The Genenetwork creation is divided in several steps, because at the end of each step some user interaction is needed. E.g. for 1. Outlier removal visual inspection of PCA is needed for selecting outliers, and after 2. Correlation and eigenvalue decomposition, eigenvalues have to be inspected to select the correct number of eigenvectors for follow up steps.

Expression tables
Outlier removal
Correlation and eigenvalue decomposition 3.1 Slurm
3.2 Correlation and evd steps overview
GeneNetwork matrix creation
4.1 Matrix creation steps overview
Docker
Ansible

Expression tables

The starting point is an expression table with TPM normalized gene counts, with as rows genes and columns samples. This table can be made with many different programs.

For the metabrain network expression quantification was done using kallisto version 0.43.1². For an example of how to run kallisto and create an expression matrix, see example_network/step1-get-expression-table.sh.

Outlier removal

From the gene expression table outlier samples have to be removed. This can be done in various ways. For this cookbook we will look at principal component outliers. For the metabrain network we have also filtered samples with outlier QC metrics from STAR aligned BAM files. To get the PCs results on the example data, see example_network/step2-pca-for-outlier-detection.sh. Note that in the example we only take the first 1000 genes of the file. The reason for this is that at a certain point a gene x gene correlation matrix is made, and eigenvalue decomposition is performed on this matrix. For an example taking all genes is too much, which is why we use this subset. For real data this subselection should not be made.

This takes 5 steps:

It removes genes that:
- are not located chromosome 1-22, X, Y or MT
- have duplicate expression as another gene
- have duplicated gene IDs
- have 0 count for all samples
Selects a subset of the samples based on an input files with samples to use (in the example this is all samples)
Removes samples with identical expression
Quantile normalizes the expression data
Calculates and plots the PCs

This will write pca.png to the output directory that you have defined in example_network/step2-pca-for-outlier-detection.sh. Check if there are outliers in your output file and make a text file that contains only the samples that you want to keep. e.g. for our example dataset you could choose to only include samples pcs$Comp1 > 0.274 (see example_network/step2-pca-for-outlier-detection.sh for an awk example how to do that). Because of the limited sample size you can't really select outliers this way, in real data it would look more like the figure on the right.

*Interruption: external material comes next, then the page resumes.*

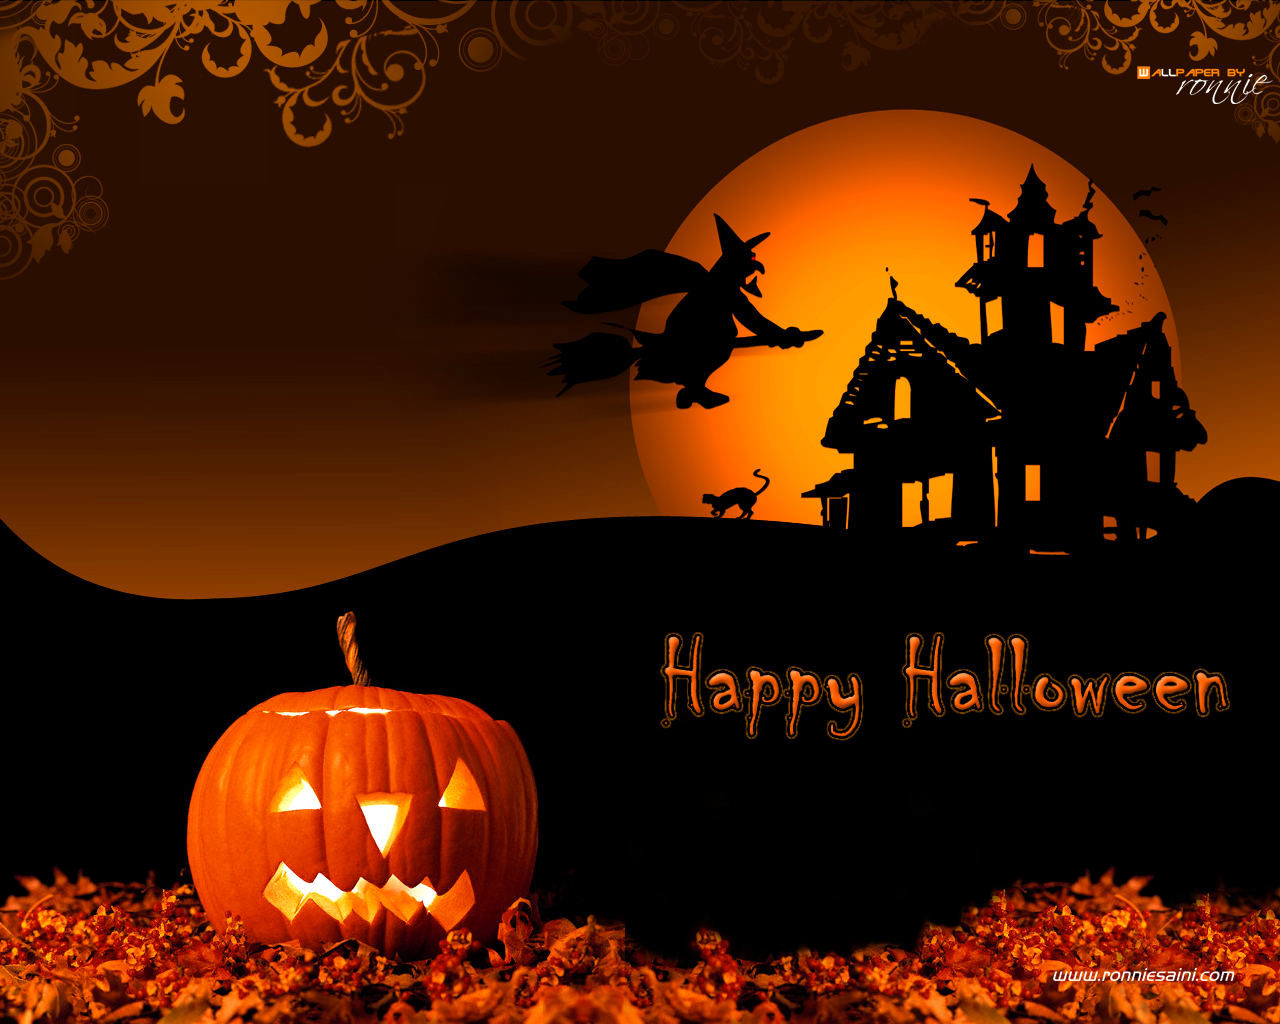 mi9comhalloween wallpaper free halloween wallpaper halloween desktop 1280x1024

Example from example_network/	Real data

After outlier removal it is good to redo the PCA to see if there are no new outliers that were masked by the previous outliers. Move the 3_quantileNormalized directory in your output dir to 3_quantileNormalized-first-round-pca and 1_selectSamples to 1_selectSamples-first-round-pca, and rerun example_network/step2-pca-for-outlier-detection.sh with the new sample file.

Correlation and eigenvalue decomposition

The correlation and eigenvalue decomposition is done by running https://github.com/npklein/brain_eQTL/tree/master/GeneNetwork/step2-correlation-and-evd.sh. This takes as input the expression table and file of samples to use, and outputs eigenvectors, eigenvalues and pc-scores. These are used as input for GeneNetwork matrix creation.

Slurm

example_network/step3-correlation-and-evd.sh runs brain_eQTL/GeneNetwork/step2-correlation-and-evd.sh. Some of the steps in this script do some heavy computing to make correlation matrices and do evd. Where necesarry these are submitted as jobs to a slurm scheduler. If you are not running on a cluster with a slurm scheduler, you will have to change brain_eQTL/GeneNetwork/scripts_per_step/6_CorrelationMatrix.sh and brain_eQTL/GeneNetwork/scripts_per_step/7_evd_on_correlation.sh.

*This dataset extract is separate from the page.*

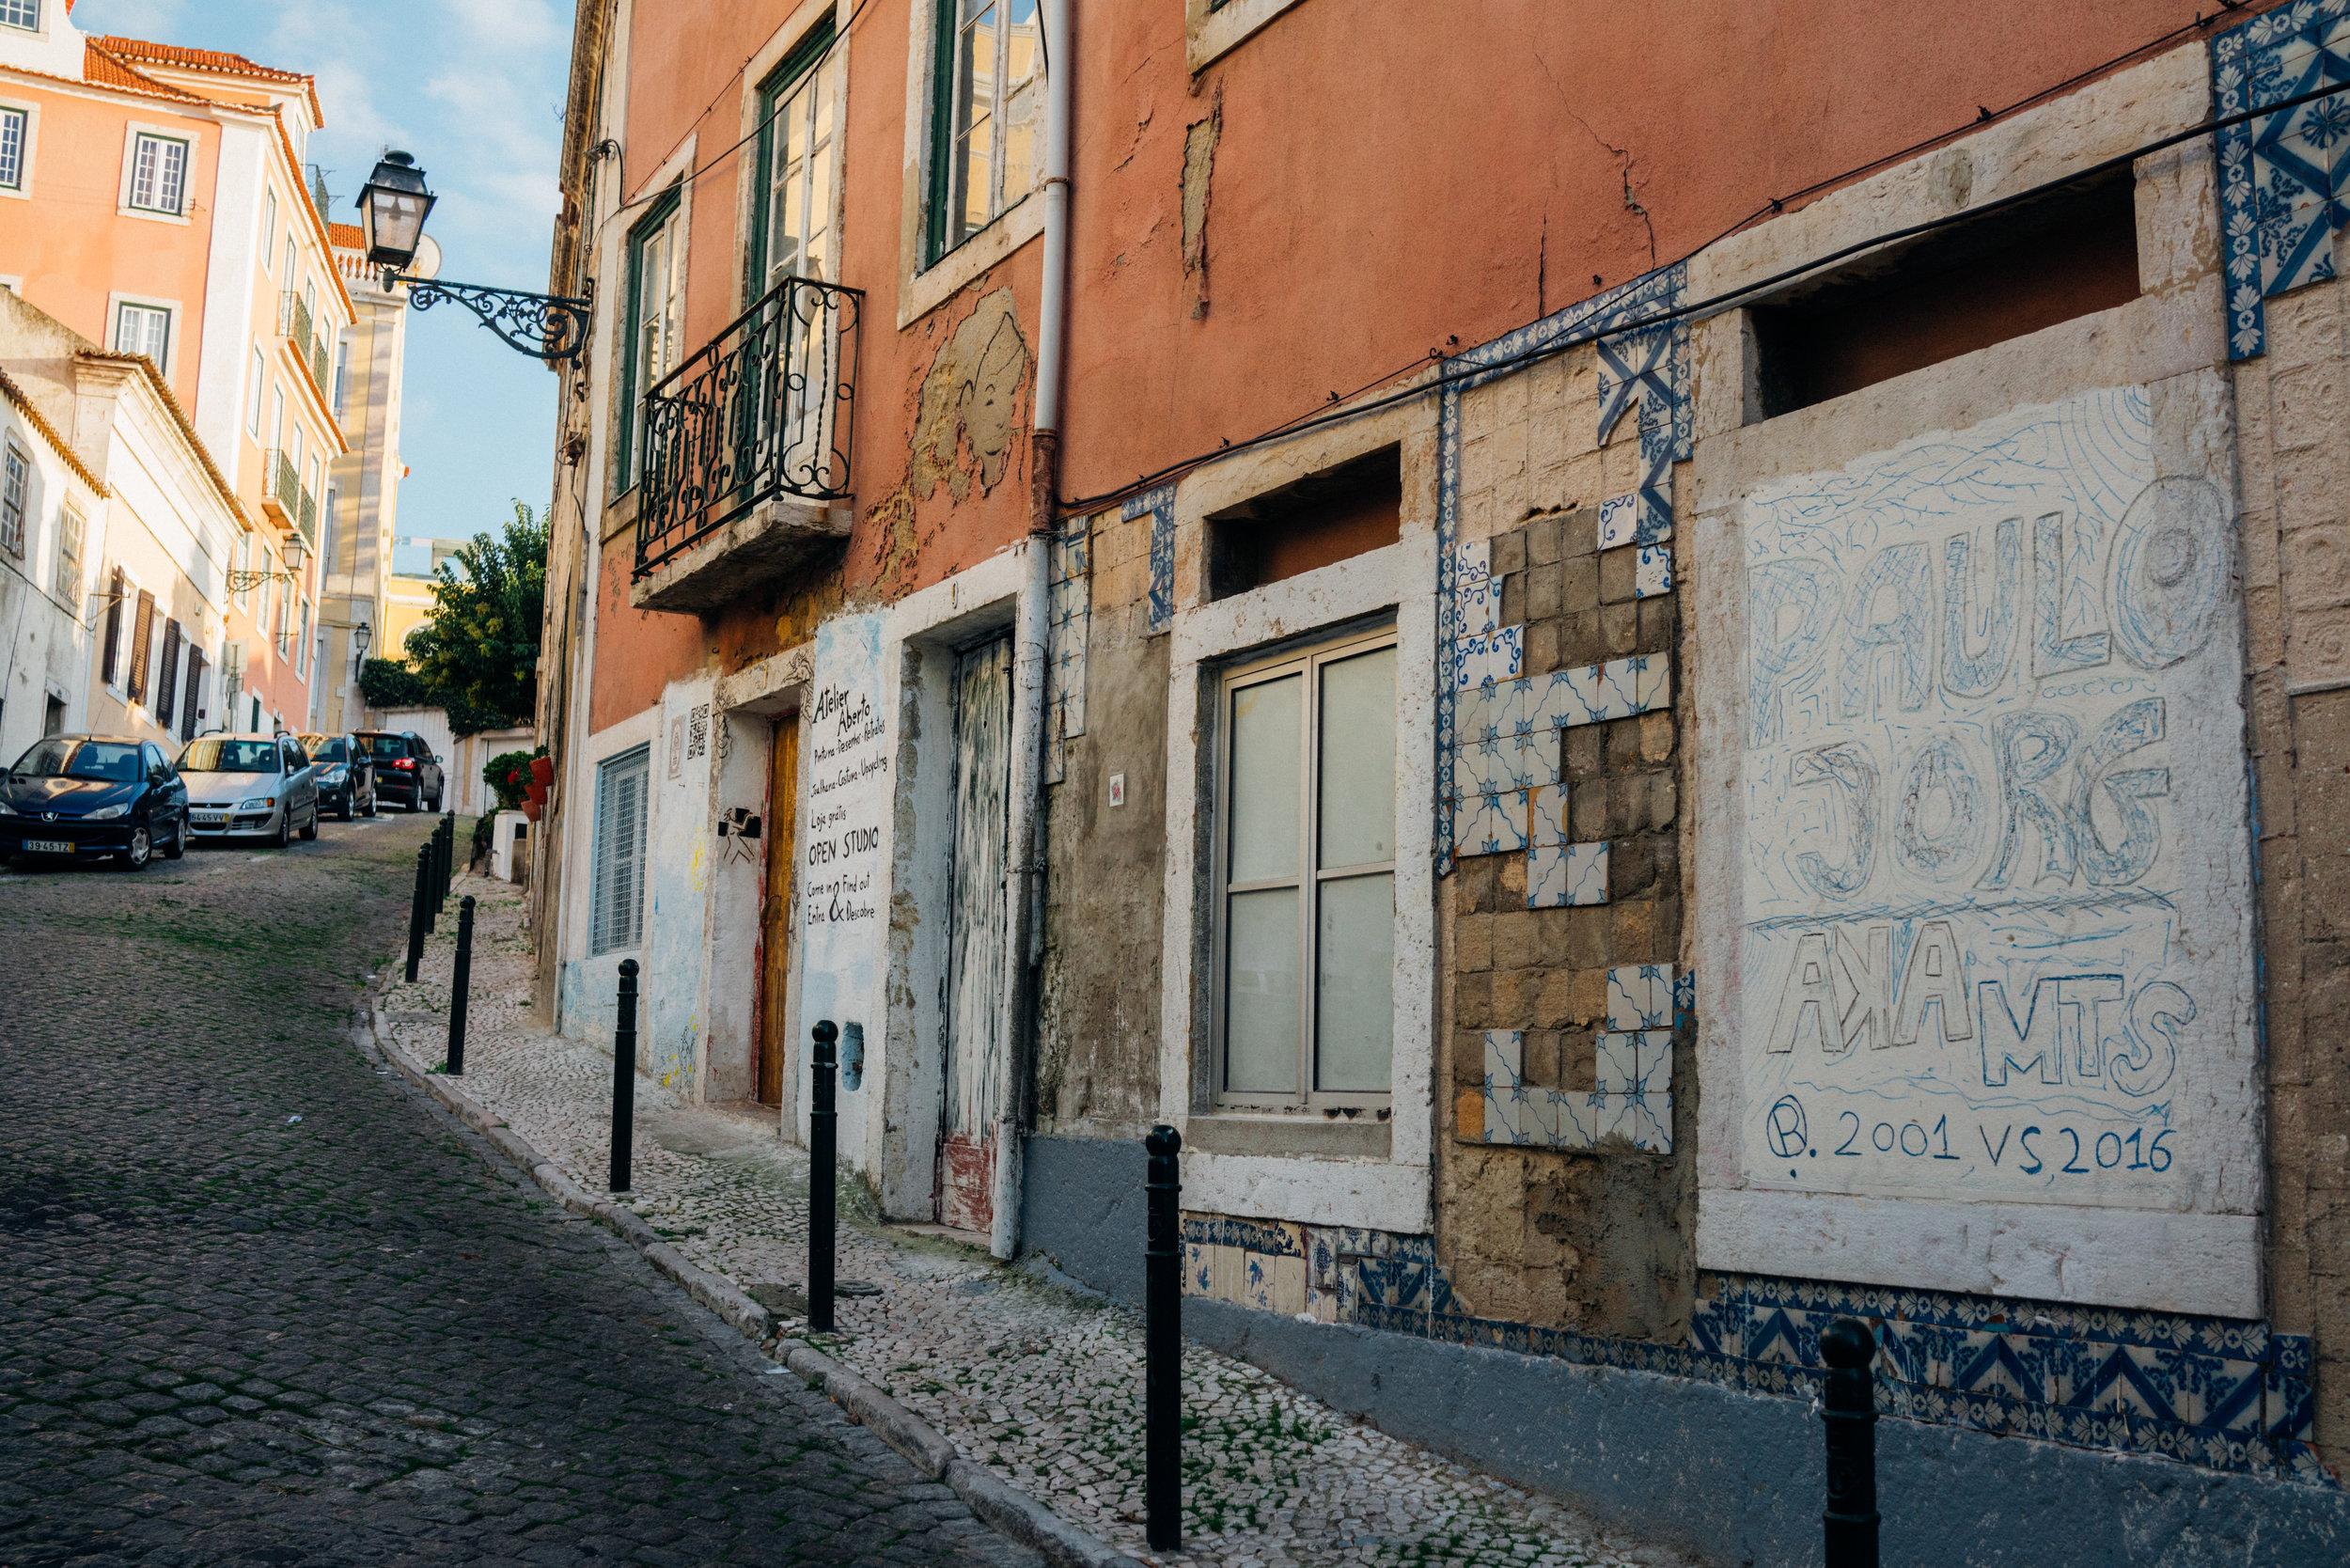 Copenhagen Coffee Lab located on a quiet street in Lisbon's Príncipe Real neighborhood

Correlation and evd steps overview

example_network/step2-GeneNetworkMatric-creation.sh

It removes genes that:
- are not located chromosome 1-22, X, Y or MT
- have duplicate expression as another gene
- have duplicated gene IDs
- have 0 count for all samples
Selects a subset of the samples based on an input files with samples to use (in the example this is all samples)
Removes samples with identical expression
Does a DESeq³-like normalization on the expression data
Calculates and plots the PCs
Calculates gene-gene correlation matrix
EVD on correlation matrix and plots eigenvalues

The last step plots the first 100 eigenvalues. This can be used to select the numebr of informative eigenvectors for the next step. Typically, you want to find the PC where the variance explained is flattening. In the caes of our example data (see left picture), we use 3 eigenvectors. In case of metabrain.nl, we take 70 eigenvectors (right side). If it hasn't flattened at 100 eigenvalues yet, replot eigenvalues.txt with larger size.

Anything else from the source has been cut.